Trump
warns exemptions on smartphones, electronics will be short-lived, promises
future tariffs
The US
president has said no one is ‘getting off the hook’, as he promises to launch a
national security investigation into the semiconductor sector
Helen
Davidson and agencies
Sun 13 Apr
2025 20.21 EDT
The
exemption of smartphones, laptops and other electronic products from import
tariffs on China will be short-lived, top US officials have said, with Donald
Trump warning that no one was “getting off the hook.”
“There was
no Tariff ‘exception’, Trump said in a social media post on Sunday. “These
products are subject to the existing 20% Fentanyl Tariffs, and they are just
moving to a different Tariff ‘bucket.’”
In the post
on his Truth Social platform, Trump promised to launch a national security
trade investigation into the semiconductor sector and the “whole electronics
supply chain”.
“We will not
be held hostage by other Countries, especially hostile trading Nations like
China,” he added.
The White
House had announced on Friday the exclusion of some electronic products from
steep reciprocal tariffs on China. US stock markets were expected to stage a
recovery after the announcement. Shares in Apple and chip maker Nvidia were on
course to soar after tariffs on their products imported into the US were lifted
for 90 days.
China’s
commerce ministry said the exemption demonstrated the US taking “a small step
toward correcting its erroneous unilateral practice of ‘reciprocal tariffs’,”

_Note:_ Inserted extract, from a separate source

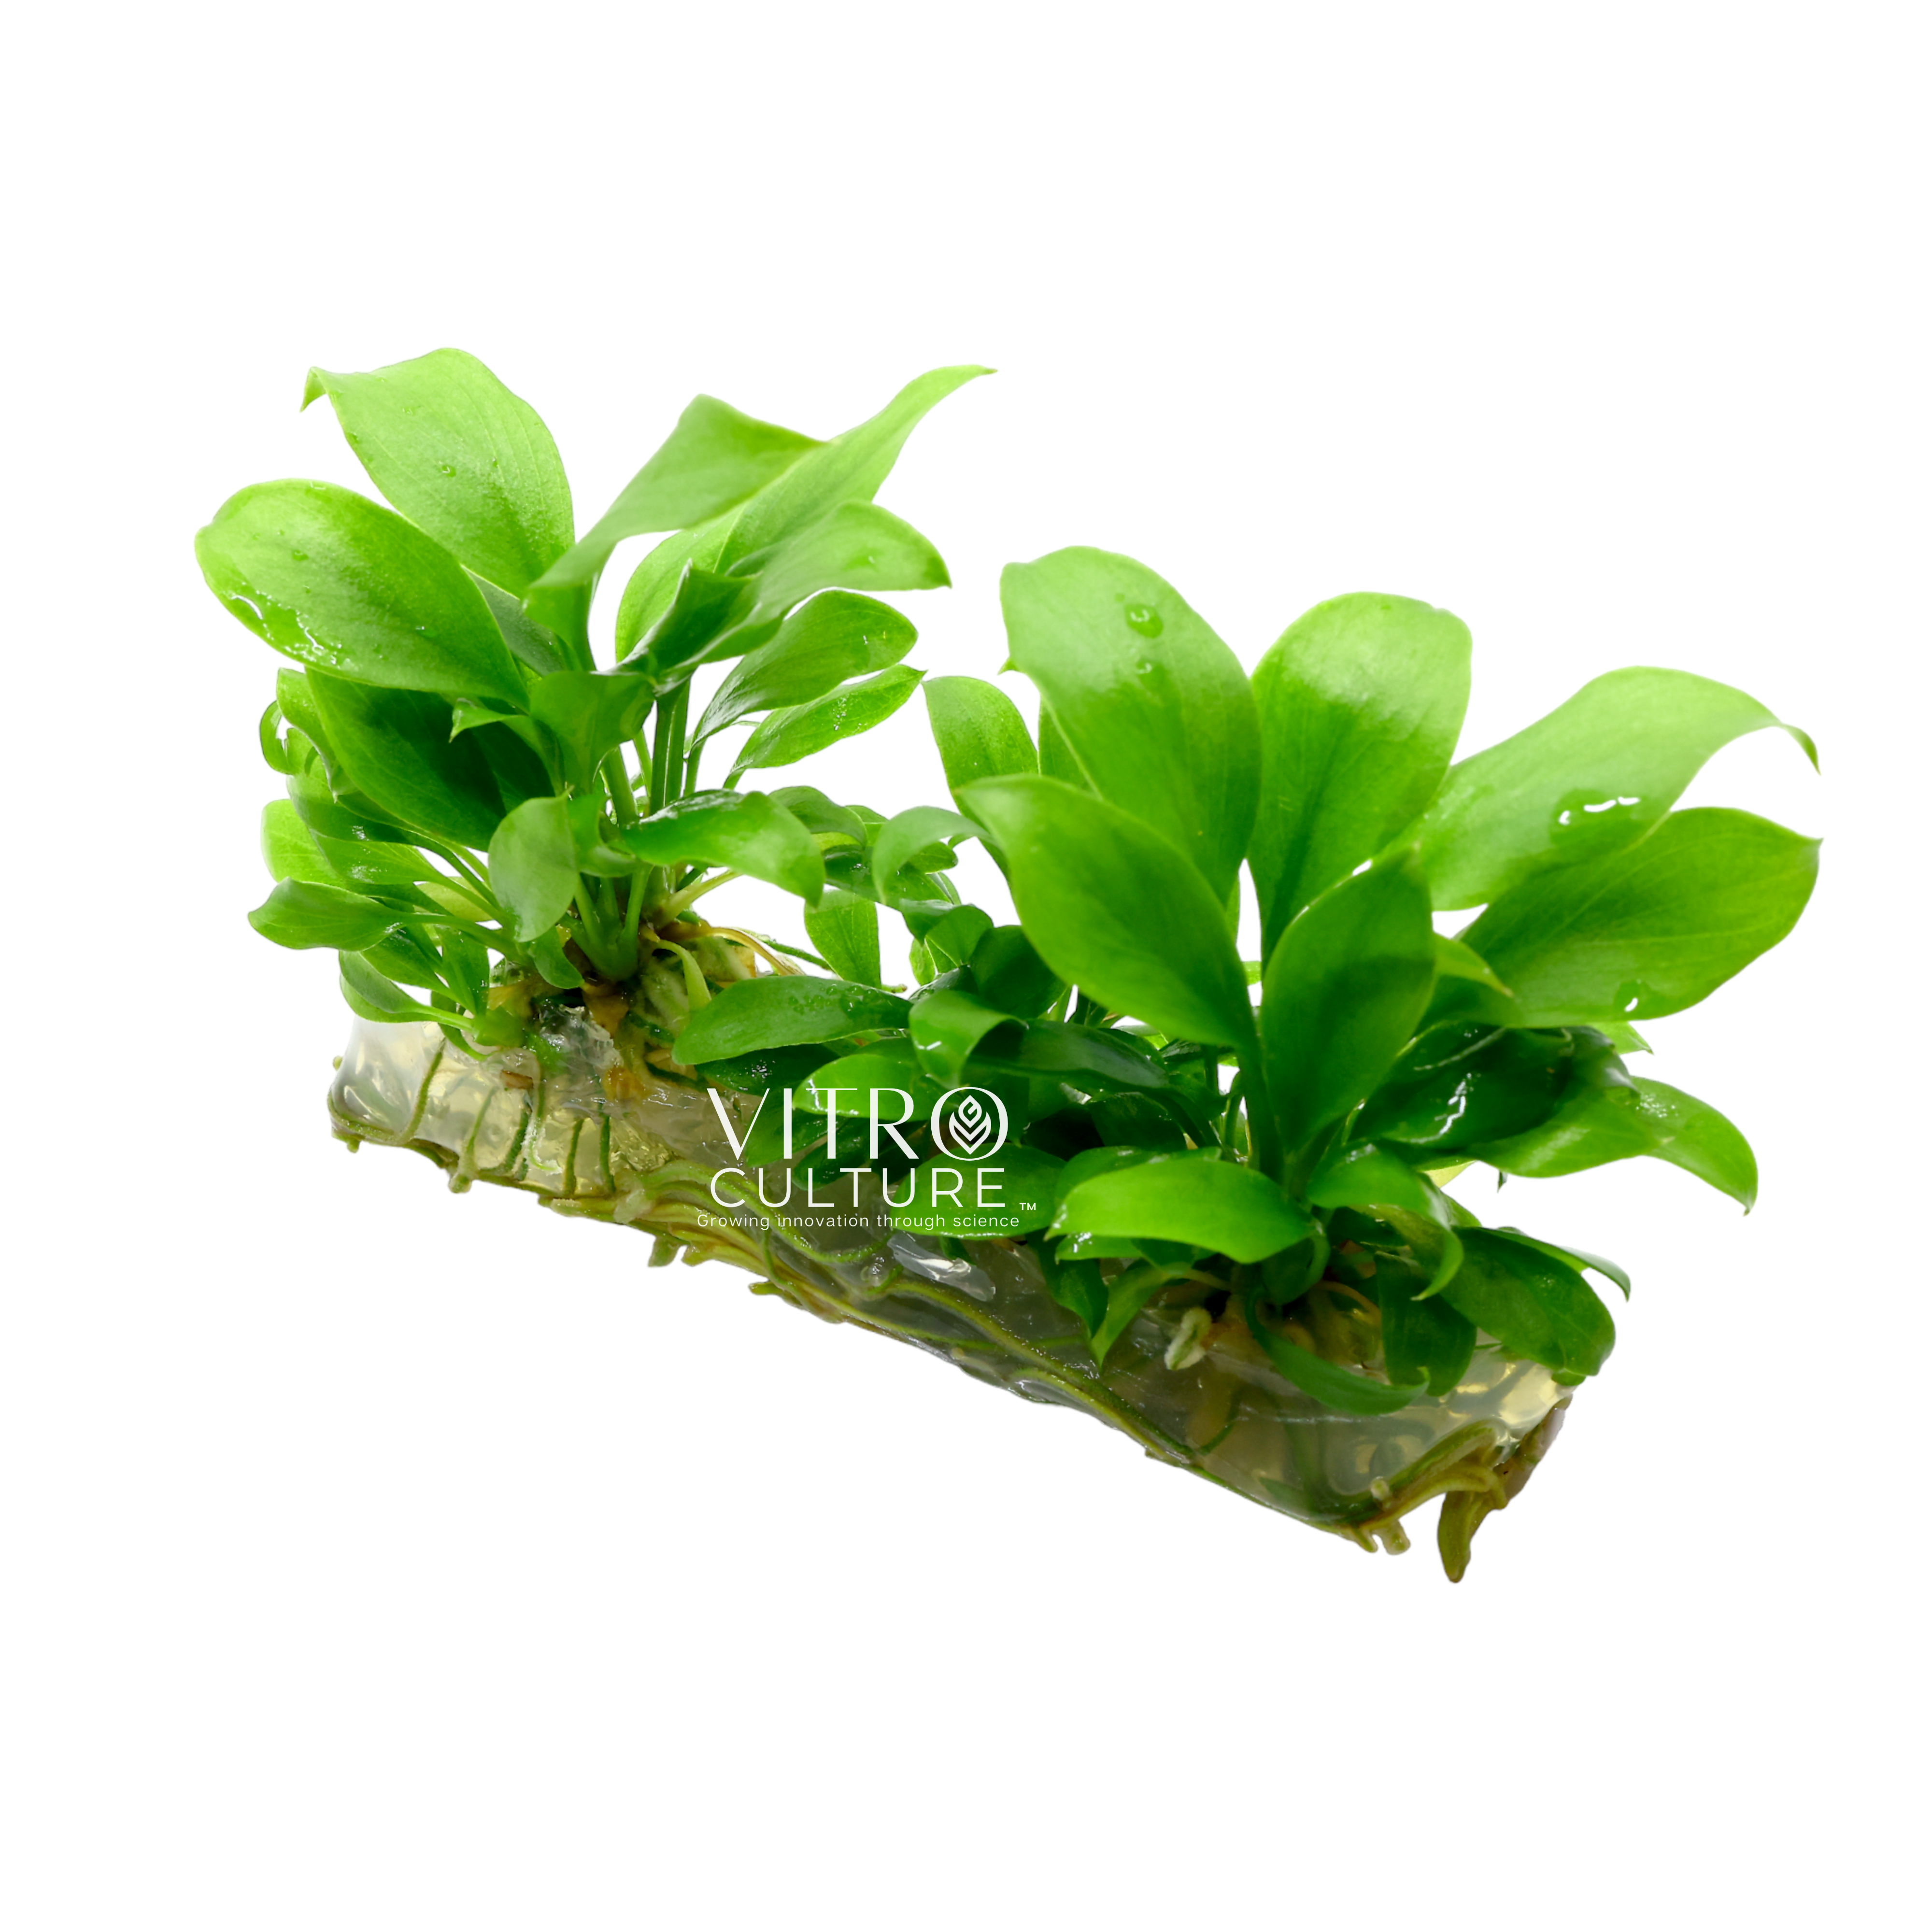 Anubias gilletii is a slow-growing plant that can thrive in low to medium light conditions. It is also tolerant of a wide range of water parameters, including pH and hardness, which makes it an adaptable choice for a variety of aquarium setups.
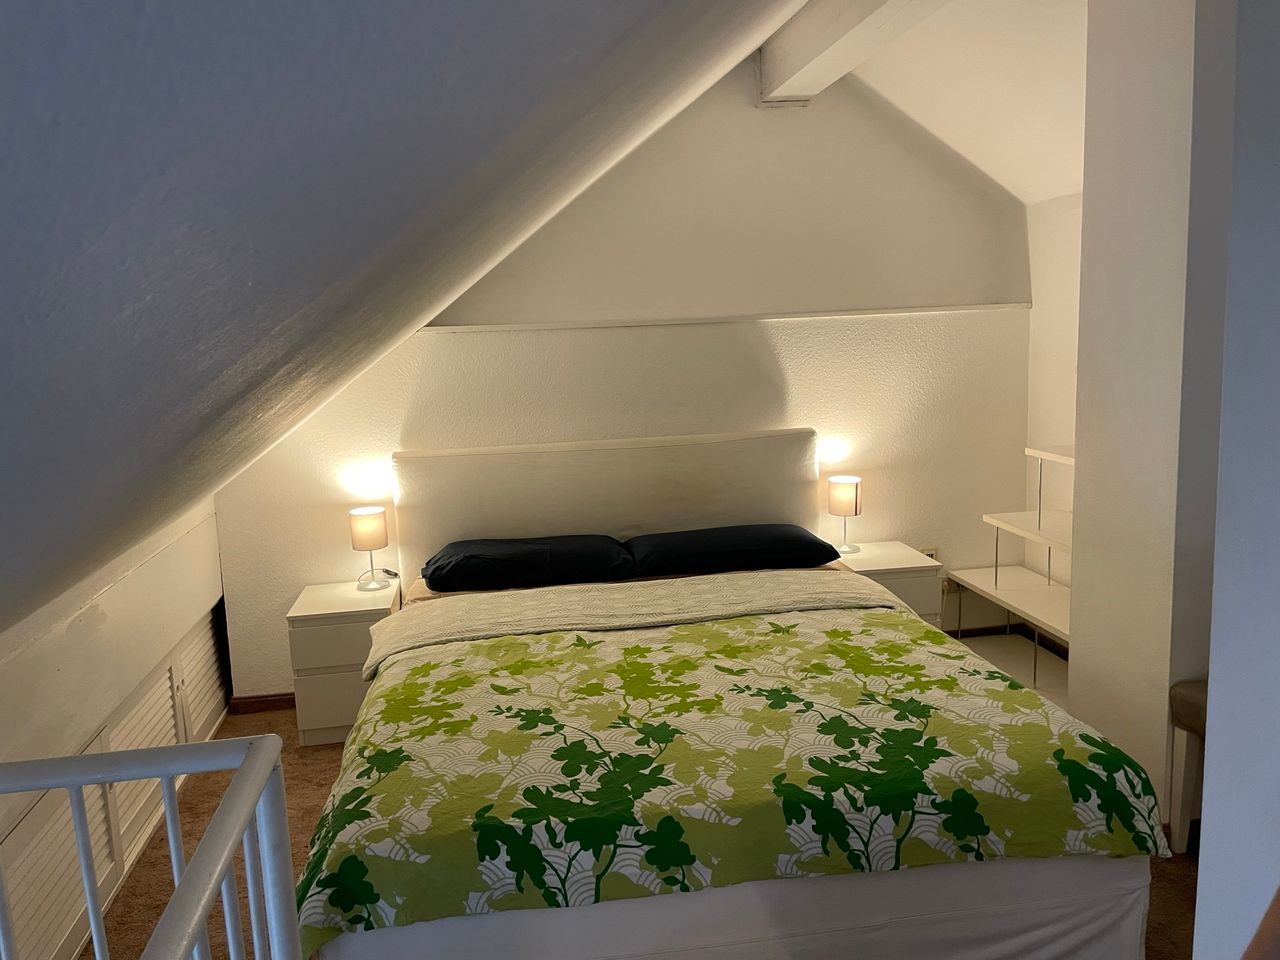 Beautiful furnished apartment with rooftop terrace, includes free parking in underground garage - 20 mins to Centre Munich

and insisted Washington cancel the whole tariff regime.
Zhang Li,
president of the China Center for Information Industry Development, told state
media outlet, China Daily, that the exemptions proved “how important China is
to major US tech companies that rely heavily on the country for manufacturing
and innovation”.
However,
Trump’s commerce secretary, Howard Lutnick, said on Sunday that critical
technology products from China would face separate new duties along with
semiconductors within the next two months.
Lutnick said
Trump would enact “a special focus-type of tariff” on smartphones, computers
and other electronics products in a month or two, alongside sectoral tariffs
targeting semiconductors and pharmaceuticals. The new duties would fall outside
Trump’s so-called reciprocal tariffs on China, he said.
“He’s saying
they’re exempt from the reciprocal tariffs, but they’re included in the
semiconductor tariffs, which are coming in probably a month or two,” Lutnick
said in an interview on ABC, predicting that the levies would bring production
of those products to the United States. “These are things that are national
security, that we need to be made in America.”
The world’s
two largest economies have been locked in a fast-moving game of brinkmanship
since Trump launched a global tariff assault that particularly targeted Chinese
imports. China’s leader Xi Jinping said on Monday that protectionism “leads
nowhere” and that a trade war would have “no winners”.
Tit-for-tat
exchanges have seen US levies imposed on China rise to 145%, and Beijing
setting a retaliatory 125% levy on US imports. On Friday Beijing said it would
ignore any future raises in tariffs by Trump, as they were already so high that
there was “no market acceptance for US goods” in China.
On Monday a
spokesperson for China’s Customs agency said the country’s exports were facing
a complex and severe external situation but “the sky will not fall”. They said
China’s domestic demand was broad, and they were building a diversified market.
Trump’s
back-and-forth on tariffs has triggered the wildest swings on Wall Street since
the Covid pandemic of 2020. The benchmark Standard & Poor’s 500 index is
down more than 10% since Trump took office on 20 January.
After
announcing sweeping import taxes on dozens of trade partners, Trump abruptly
issued a 90-day pause for most of them. China was excluded from the reprieve.
The fallout
from Trump’s tariffs – and subsequent whiplash policy reversals – sent shock
waves through the US economy, with investors dumping government bonds, the
dollar tumbling and consumer confidence plunging.
US senator
Elizabeth Warren, a Democrat, criticised the latest revision to Trump’s tariff
plan, which economists have warned could dent economic growth and fuel
inflation.
“There is no
tariff policy – only chaos and corruption,” Warren said on ABC’s “This Week,”
speaking before Trump’s latest post on social media.
China has
sought to strengthen ties with neighbouring countries amid the escalating trade
war. Xi will visit Vietnam on Monday as he begins a tour of south-east Asia.